Computer Vision: Image Features and Description

1. Color features: quantified color histogram, clustered color histogram

(1) Quantized color histogram

Applicable color space: RGB, HSV and other color spaces
Operation: color space quantization, unit (bin) is represented by the center of
the unit Count the number of pixels falling on the quantization unit
Advantages: efficient calculation
Disadvantages: quantization problems, sparse

(2) Cluster color histogram

Applicable color space: Lab and other color spaces
Operation: Use the clustering algorithm to cluster all pixel color vectors.
The unit (bin) is represented by the cluster center
. Problem: When two color histograms with similar colors are only one bin wrong, Using L1 distance or Euler distance to calculate the similarity between the two will get a small similarity value.
Solution: Consider the similarity between similar to non-identical colors. a: The quadratic distance is used. b: Smoothly filter the color histogram in advance, that is, the pixels in each bin also contribute to several adjacent bins.

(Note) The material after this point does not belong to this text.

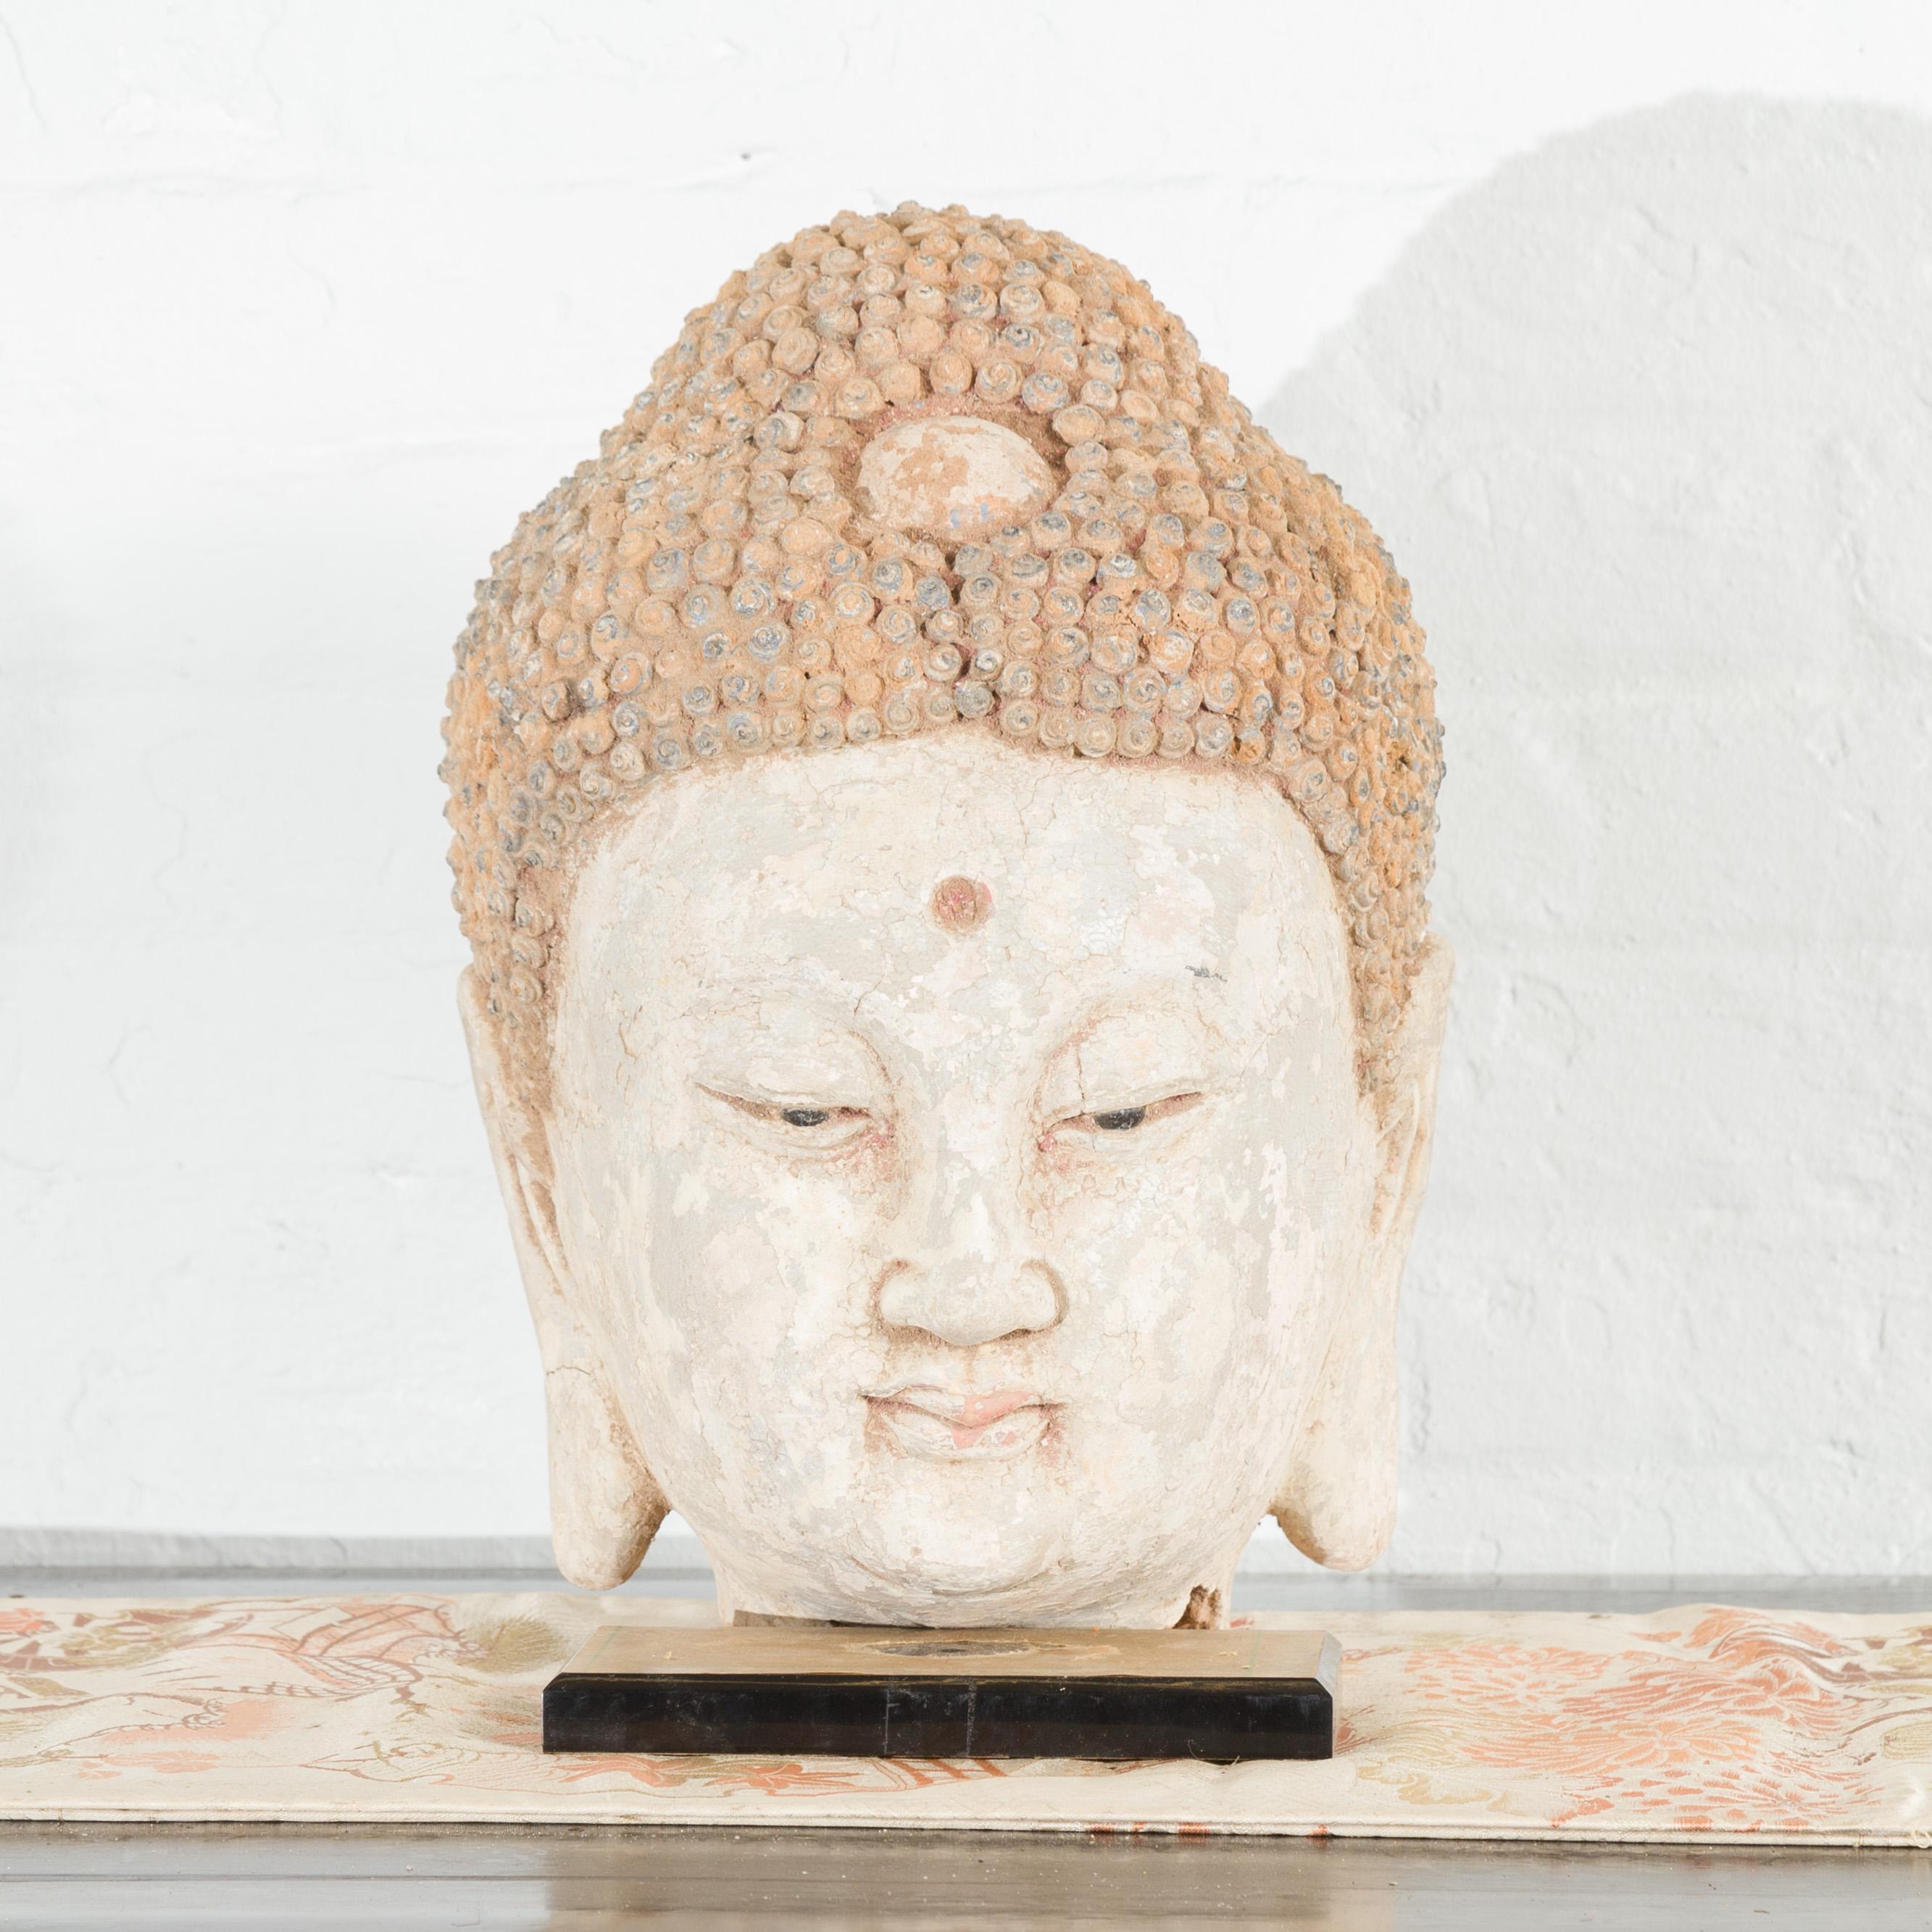 A Chinese terracotta Buddha head sculpture from the 18th century or earlier, with custom stand. Created in China, this 18th century (or earlier) sculpture depicts a Buddha head topped with the traditional Ushnisha, made of snail shell curls. Carved

2. Geometric features: Edge, Corner, Blob

(1) Edge

Definition: The area where the pixel value function changes rapidly – ​​the area where the first derivative is extreme.
Edge extraction: Gaussian denoising first, and then using the first derivative to obtain extreme values.
(Derivatives are sensitive to noise!)
2D: Gradient magnitude: hx(x,y)^2+ hy(x,y)^2
The direction in which the gradient increases fastest arctan(hy(x,y)/hx(x, y))

(2) Key points

When observing the same object from different distances, different directions, angles, and different lighting conditions, the size, shape, and brightness of the object will be different. But we can still judge it to be the same object.
An ideal feature descriptor should possess these properties. That is, in images with different sizes, directions, and brightness, the same feature point should have similar descriptors, which is called the reproducibility of descriptors.
Feature points: mapping between images from different perspectives
Features: repeatability, saliency
Anti-image transformation: appearance transformation (brightness, illumination), geometric transformation (translation, selection, brightness)
Uses: image registration/stitching, motion tracking, Object Recognition, Robot Navigation

(3) Corner (Corner)

Harris corner:
A salient point that moves a small viewing window in any direction, resulting in large pixel changes.
Corner area: Movement in any direction will have large pixel changes.
Fast Corner:
Fast Corner Detection is a fast corner feature detection algorithm.
The definition of fast corner points: If a pixel point is in a different area from enough pixels in the surrounding area, the pixel point may be a corner point.
Method: Determine a threshold t, observe a discretized circle with a radius equal to 3 pixels centered on the pixel point, and there are 16 pixels on the boundary of this circle. If there are n consecutive pixels on the circle of size 16 pixels, and their pixels are all larger or smaller than the pixels of the middle point, then p is a corner point. (Calculation is very fast)

Disadvantages: No multi-scale information, no direction.

(4) Spots

Laplace gradient:
first derivative extreme point -> second derivative zero point. The point where the second derivative is 0 is the extreme point. –>Boundary
extremum of second derivative –>Boundary
Gaussian transform first, then Laplace transform. Blobs can have different scales.
(For Gaussian denoising, when the Gaussian kernel is small, it will be more sensitive and the amount of noise will be large. On the contrary, if the Gaussian kernel is too large, important information may be lost.)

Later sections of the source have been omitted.